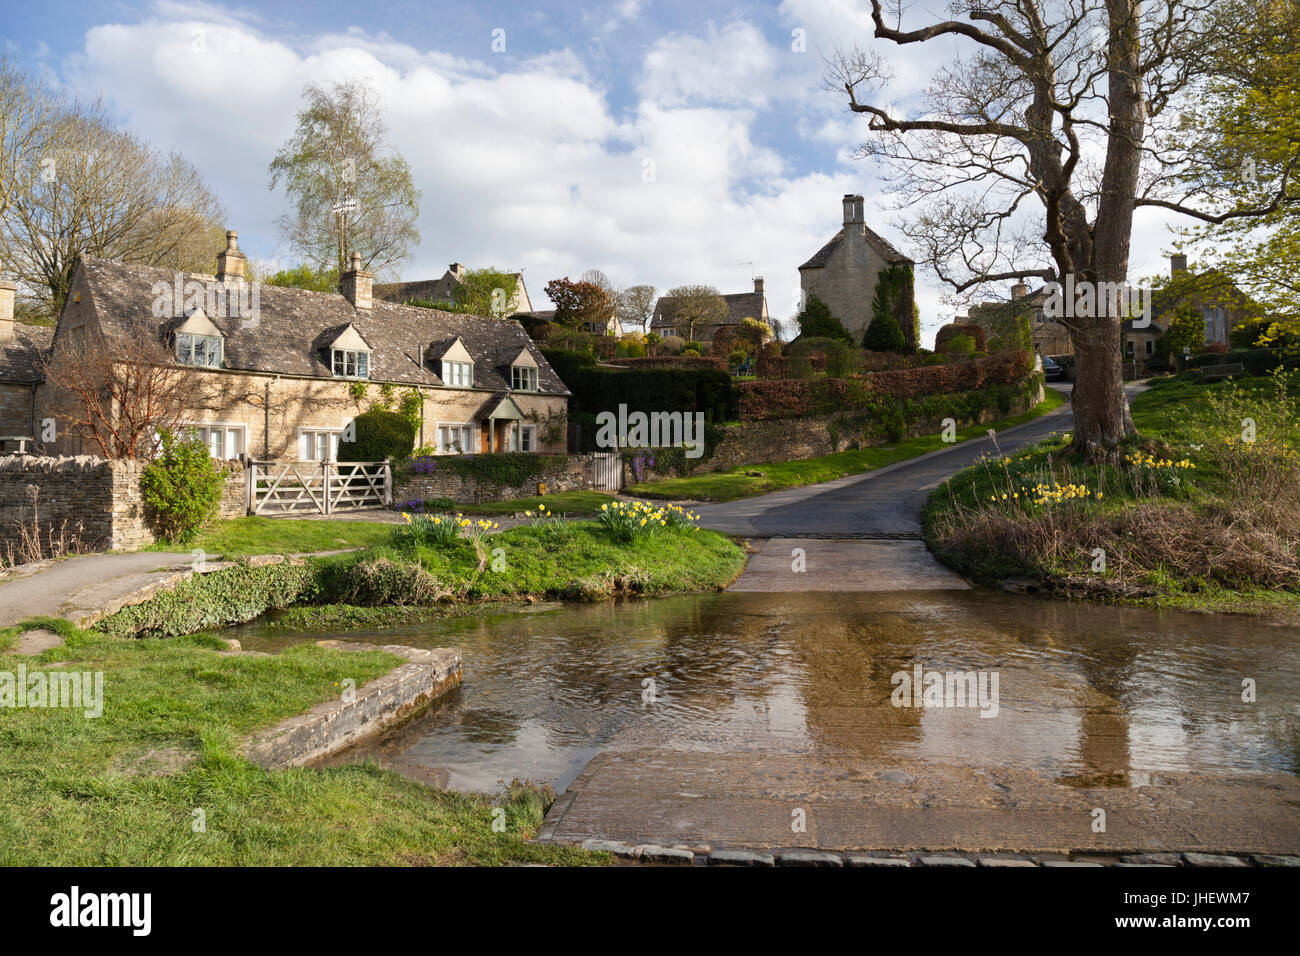 Cotswold village de Upper Slaughter et la rivière Eye, Upper Slaughter, Cotswolds, Gloucestershire, Angleterre, Royaume-Uni, Europe Banque D'Images
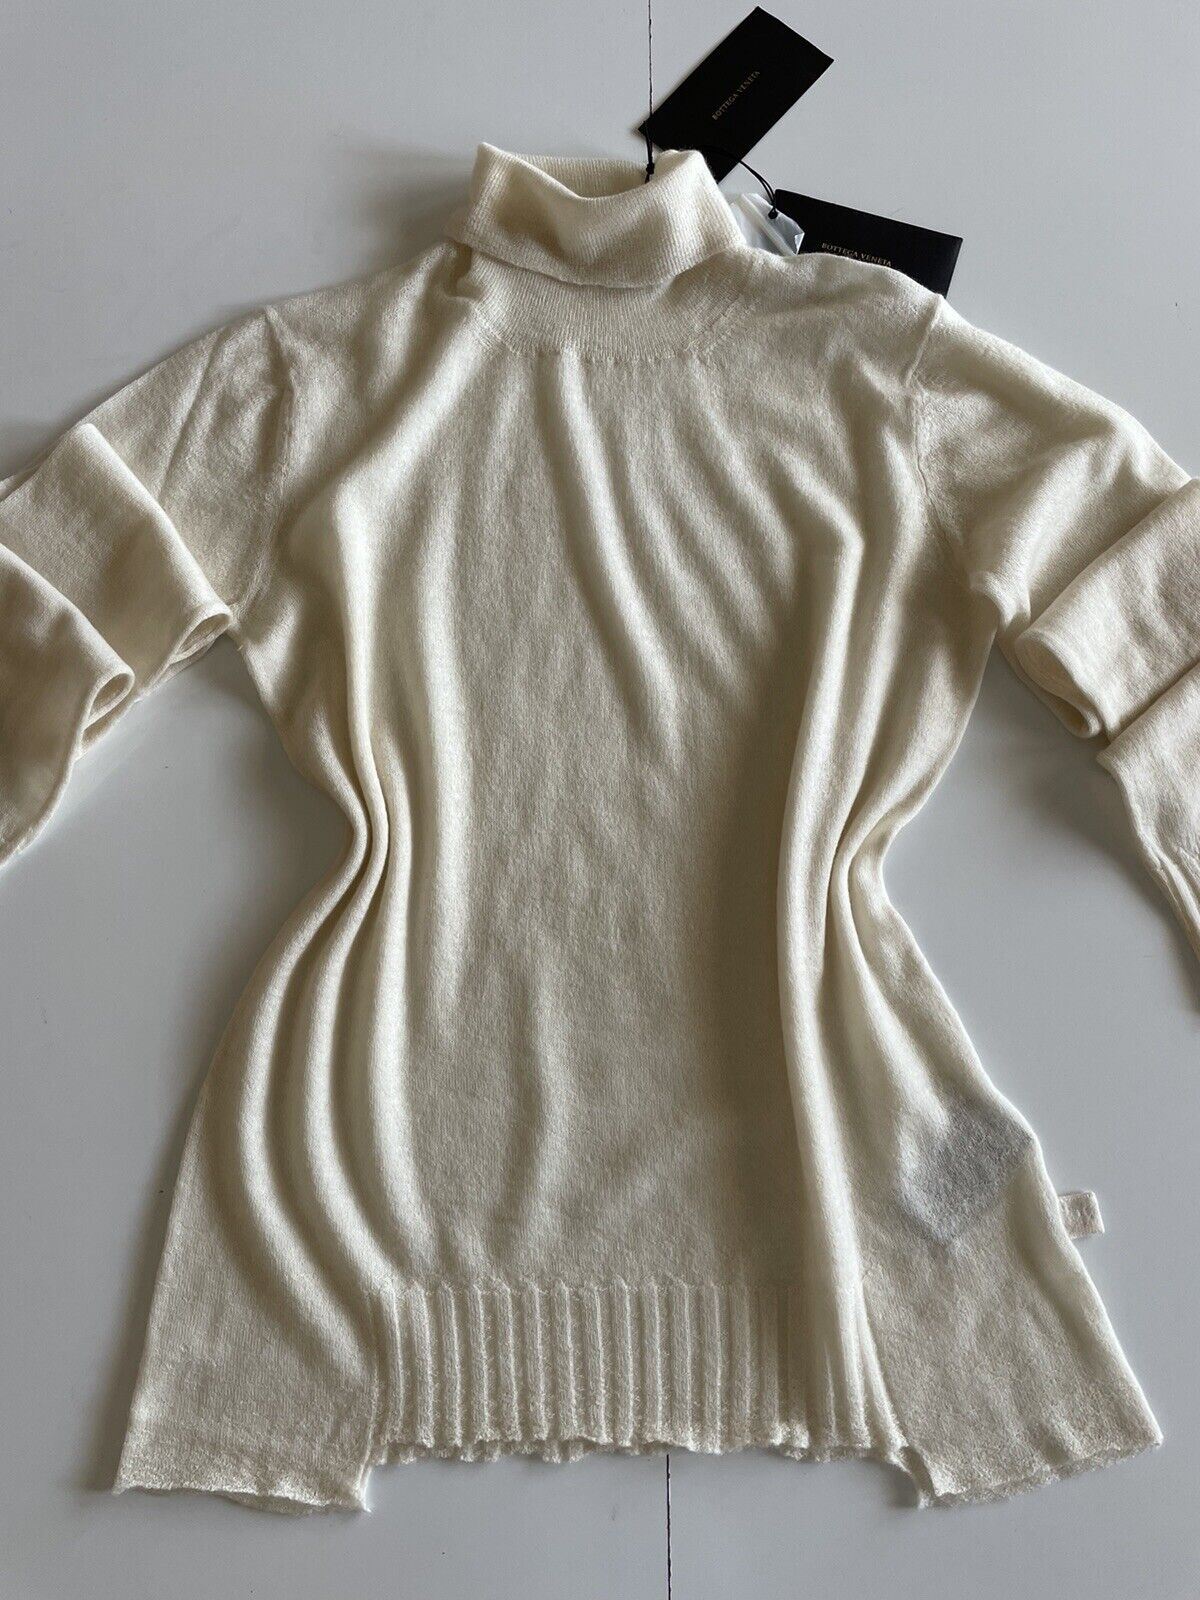 СЗТ 1150 долларов США Bottega Veneta Женский кашемировый свитер желто-коричневого цвета 3 США (42 Bottega) 601699
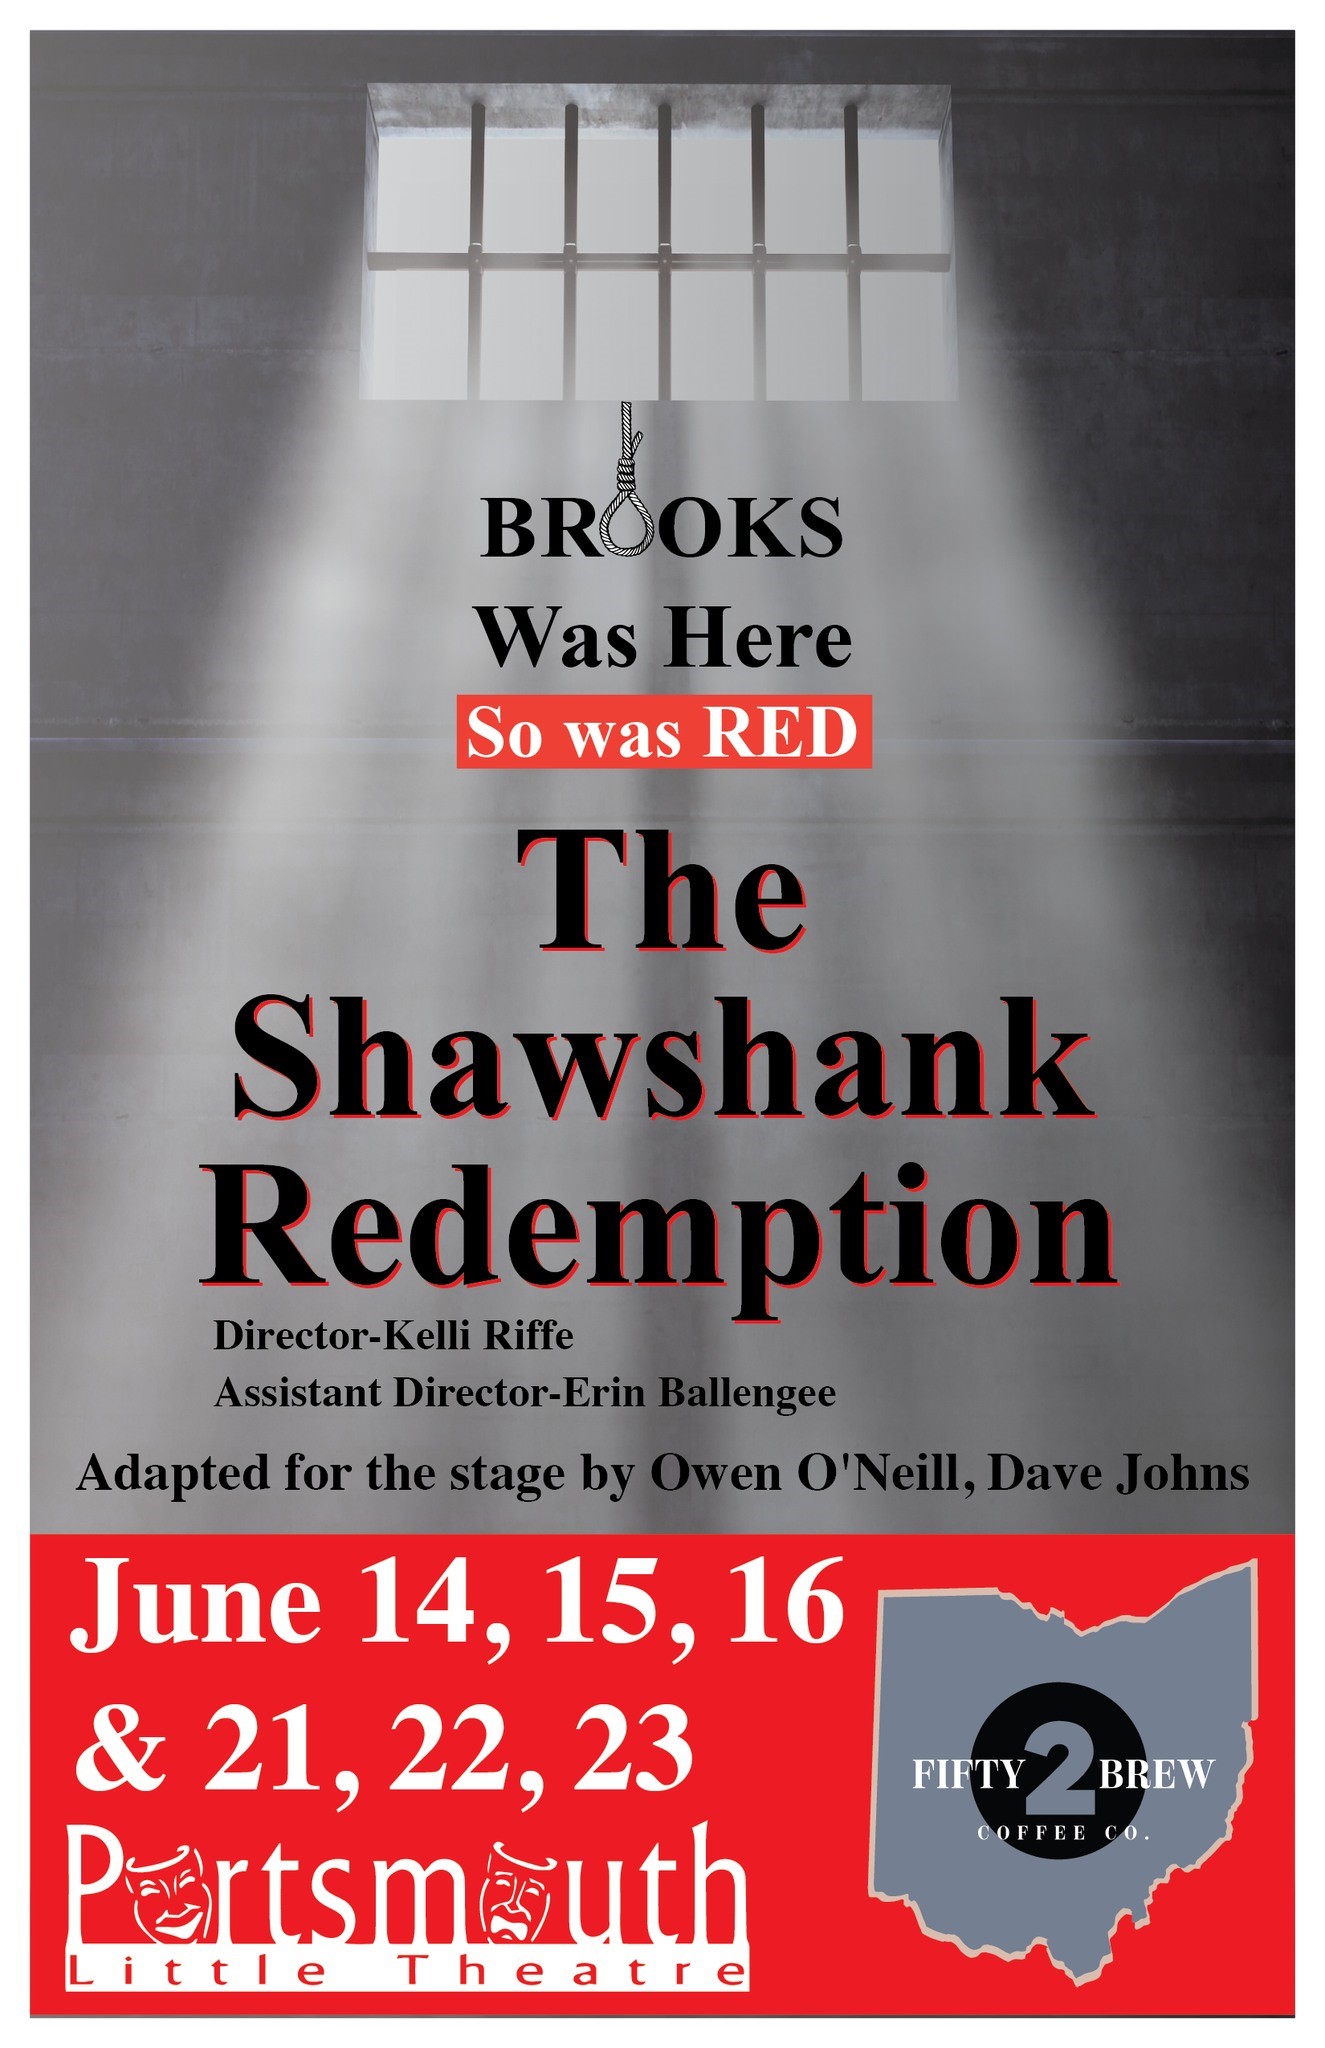 Shawshank Redemption  on juin 14, 19:30@Portsmouth Little Theatre - Choisissez un siège,Achetez des billets et obtenez des informations surPortsmouth Little Theatre 
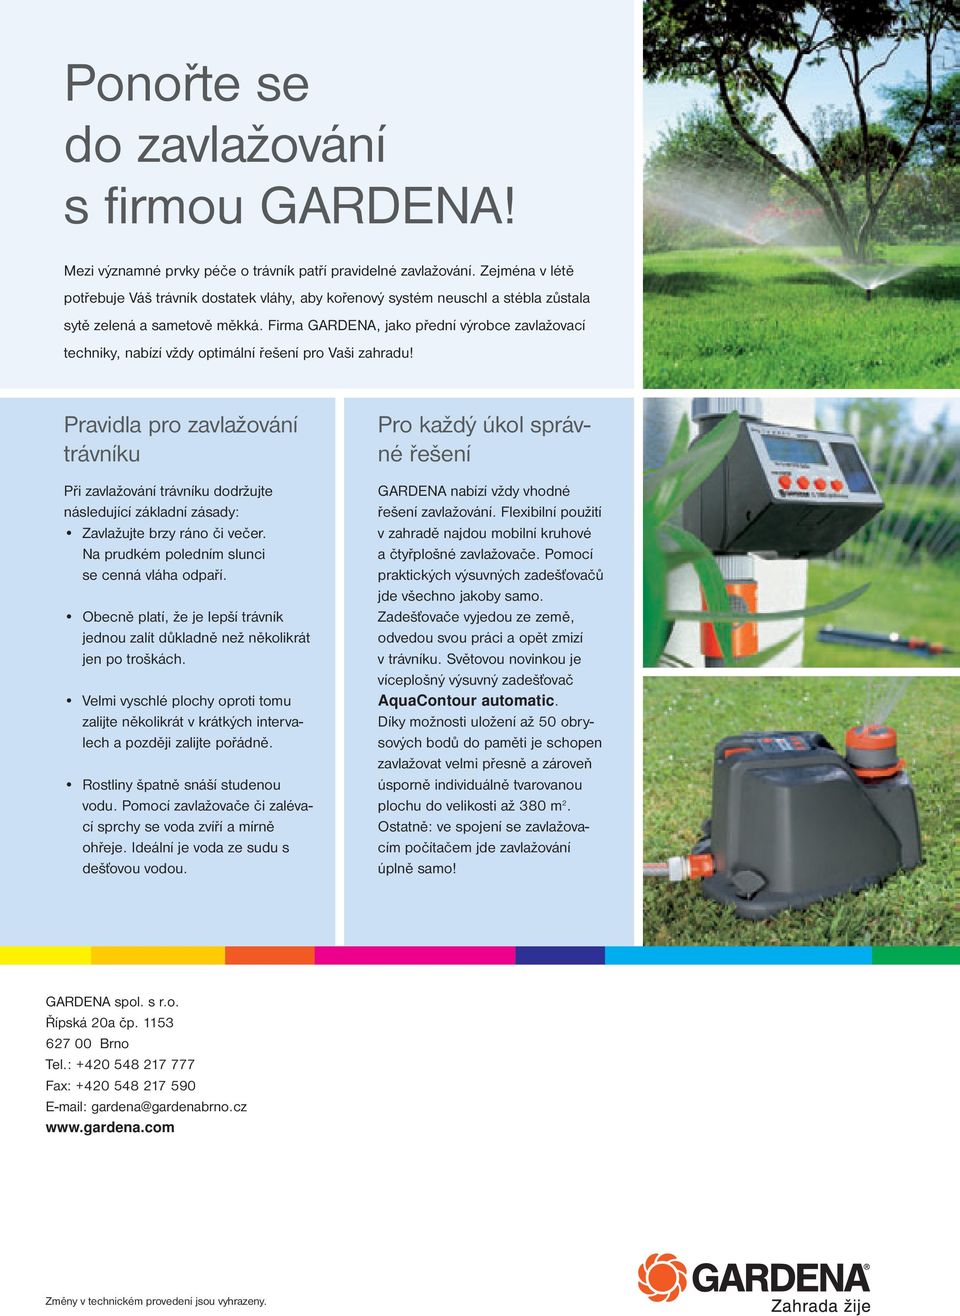 Firma GARDENA, jako přední výrobce zavlažovací techniky, nabízí vždy optimální řešení pro Vaši zahradu!
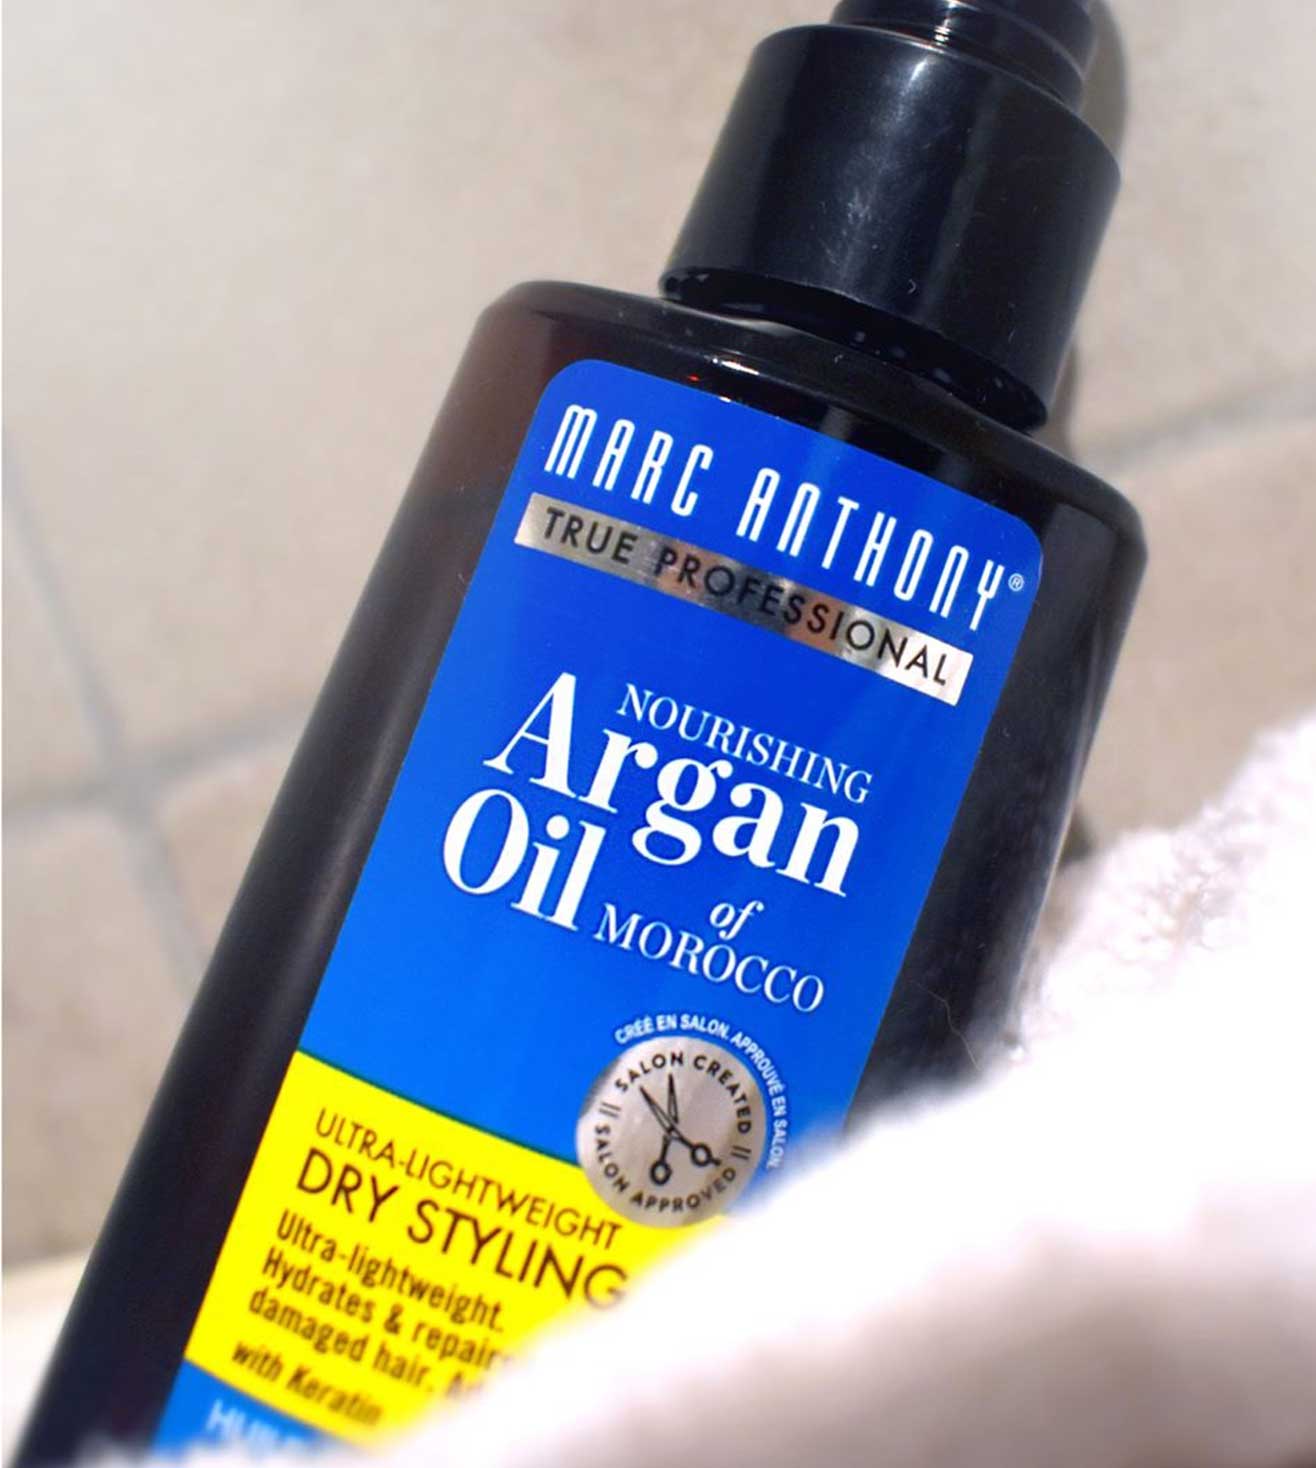 Nourishing Argan Oil Dry Styling Oil

▶ _DIRECTIONS_: With the pictures left aside, write out all of the records above exactly.

▶ _WRITTEN ANSWER_:
 Cotswold village de Upper Slaughter et la rivière Eye, Upper Slaughter, Cotswolds, Gloucestershire, Angleterre, Royaume-Uni, Europe Banque D'Images
 СЗТ 1150 долларов США Bottega Veneta Женский кашемировый свитер желто-коричневого цвета 3 США (42 Bottega) 601699
 Shawshank Redemption  on juin 14, 19:30@Portsmouth Little Theatre - Choisissez un siège,Achetez des billets et obtenez des informations surPortsmouth Little Theatre 
 Firma GARDENA, jako přední výrobce zavlažovací techniky, nabízí vždy optimální řešení pro Vaši zahradu!
 Nourishing Argan Oil Dry Styling Oil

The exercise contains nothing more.